BlueRun Ventures, a venture capital fund that focuses heavily on mobile, consumer and enterprise investments, is just the latest venture firm to fall short of its fund-raising goal. It has raised a little more than $240 million for its fourth fund, short of its original $300 million target.
The firm, whose partners have backed companies from PayPal, to Slide and Zivity, said the fund-raising experience last year coincided with a review of its priorities, and that one decision was to close down its Israel office and let go of the firm’s partner there. Notably, the firm decided Israel was too small of a market, and that there were capital inefficiencies inherent in launching companies there only to focus immediately on exporting. Other reports have looked at Israel recently and raised questions about whether that market can produce decent returns for investors. (Note, however, that startups in Israel raised $1.4 billion in 2008, an increase over recent years, and so its not clear yet whether downsizing in Israel is a trend).
While the firm has made some cuts in its staff (it has downsized by two and a half partners), a spokeswoman said it still plans to ramp up again in Asia, and so says the smaller fund doesn’t mean it will have fewer partners long-term.
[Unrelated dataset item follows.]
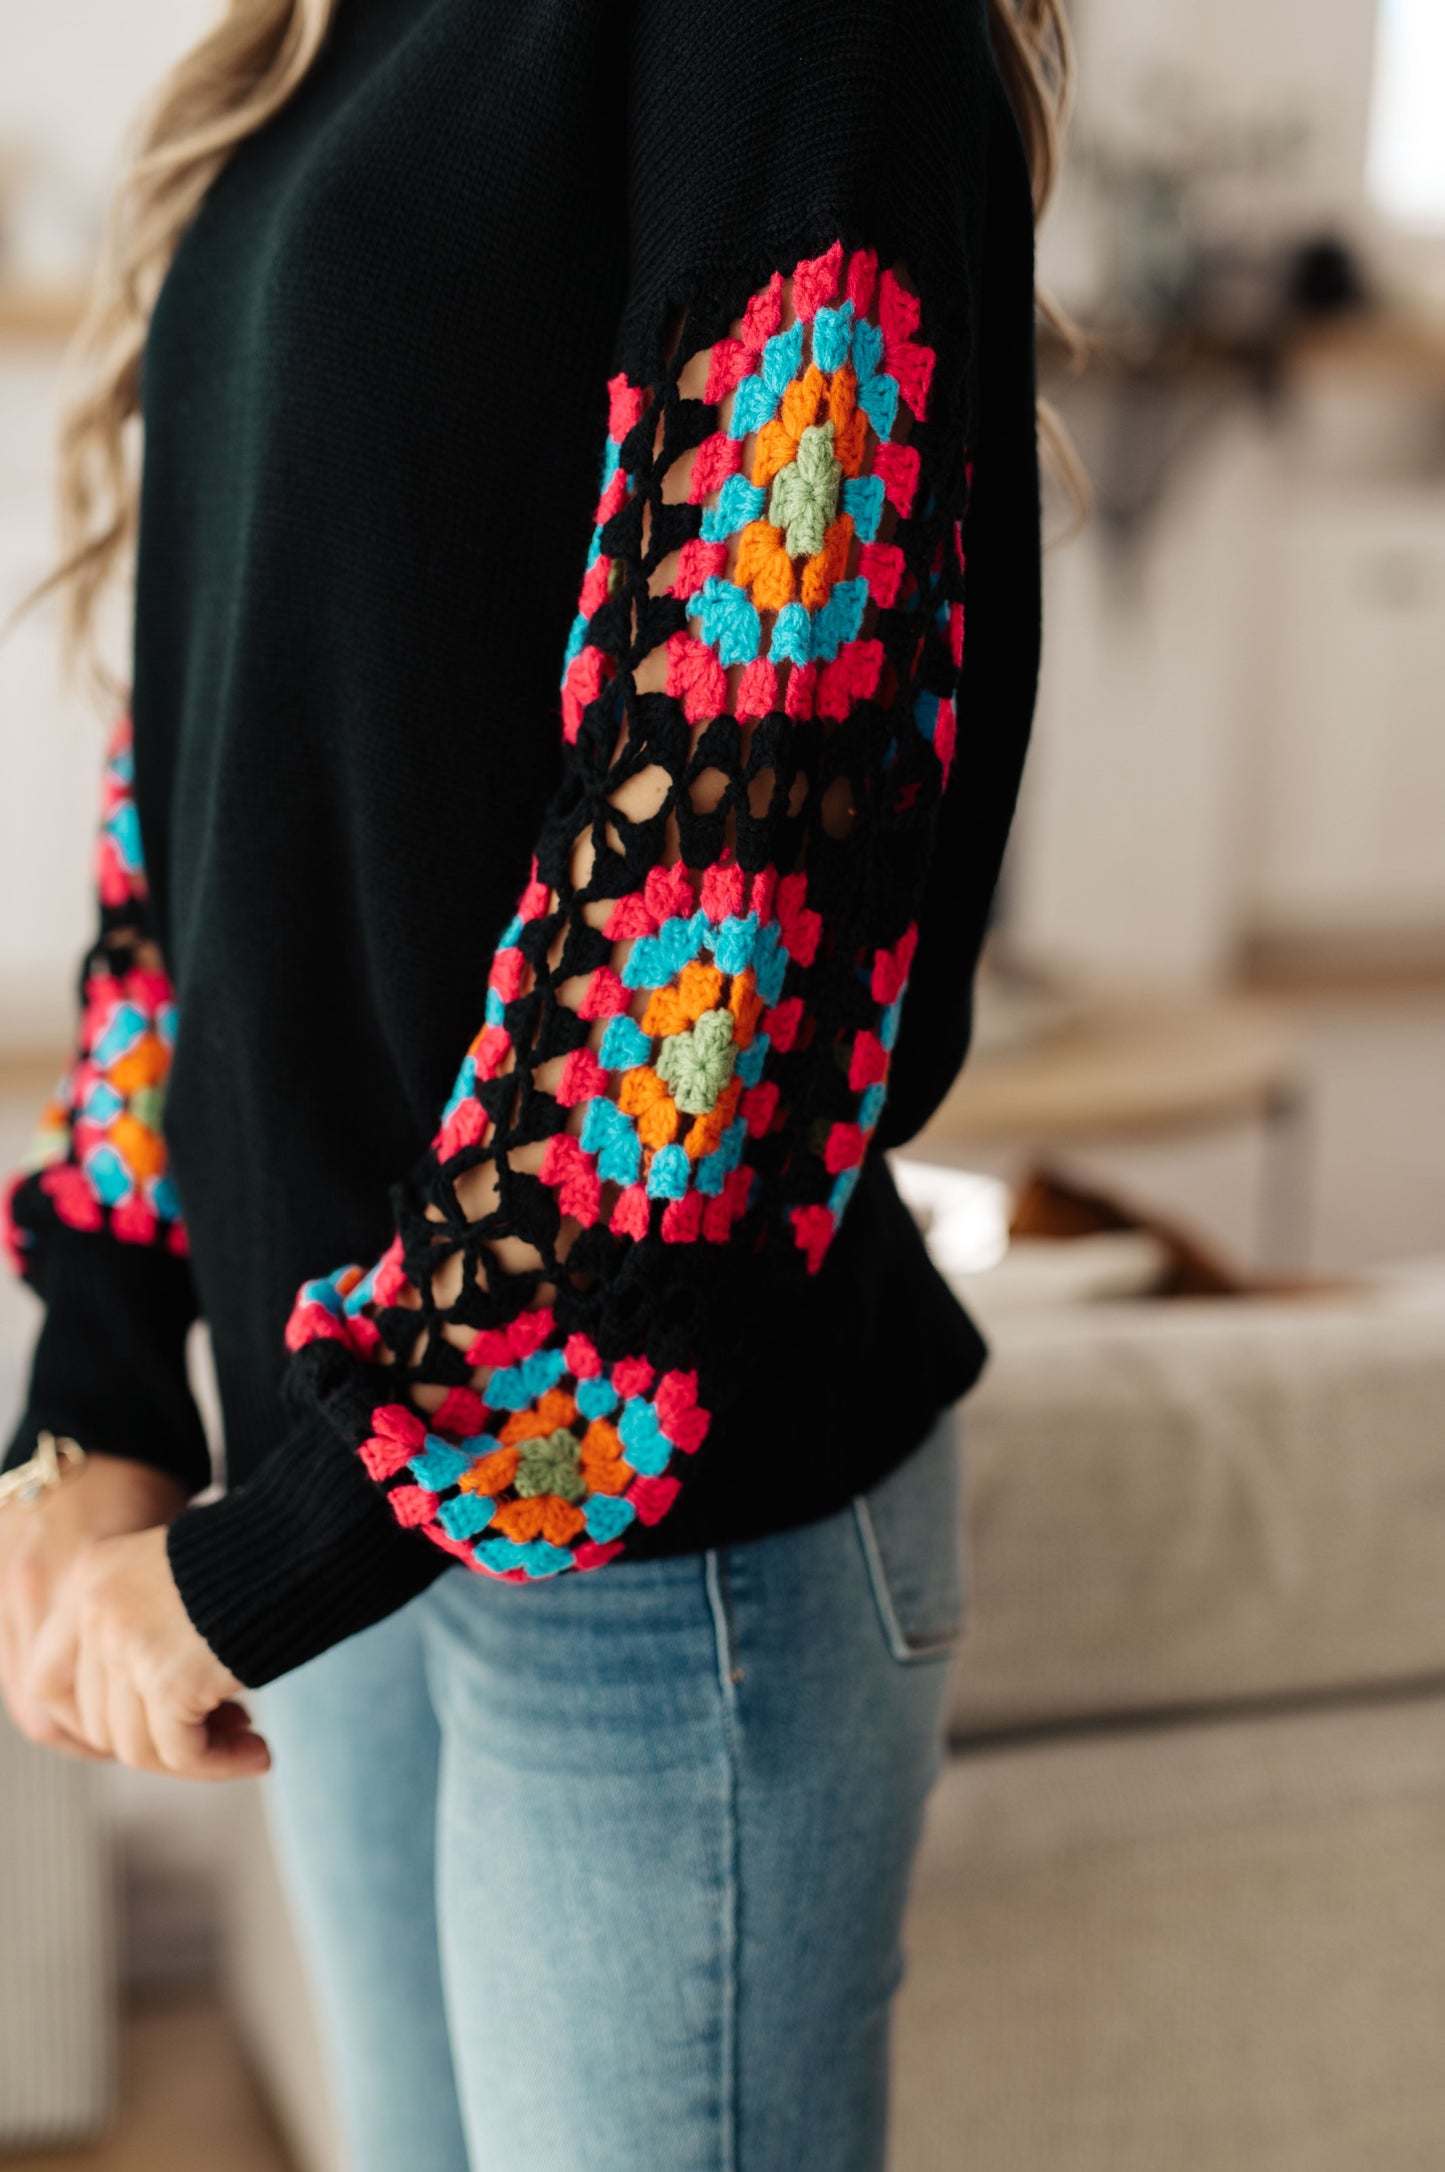 Granny Knows Best Crochet Accent Sweater - Southern Divas Boutique

The firm says it still is looking to hire two more people — to be placed in China and India — and wants to increase its dollar allocation to those markets.
Another partner, Sujit Banerjee, will now be shared with another firm, Element Partners. Banerjee had increasingly focused on clean-technology companies, and so will bring those deals to Element, while he brings semiconductor deals to BlueRun. Finally, a third partner was cut.
The firm is curtailing its funds earmarked for Finland, another sign that the ecosystem around the Finnish giant Nokia (to which BlueRun has historical ties) carries less interest for investors these days. The firm says it still sees strong opportunities in the U.S.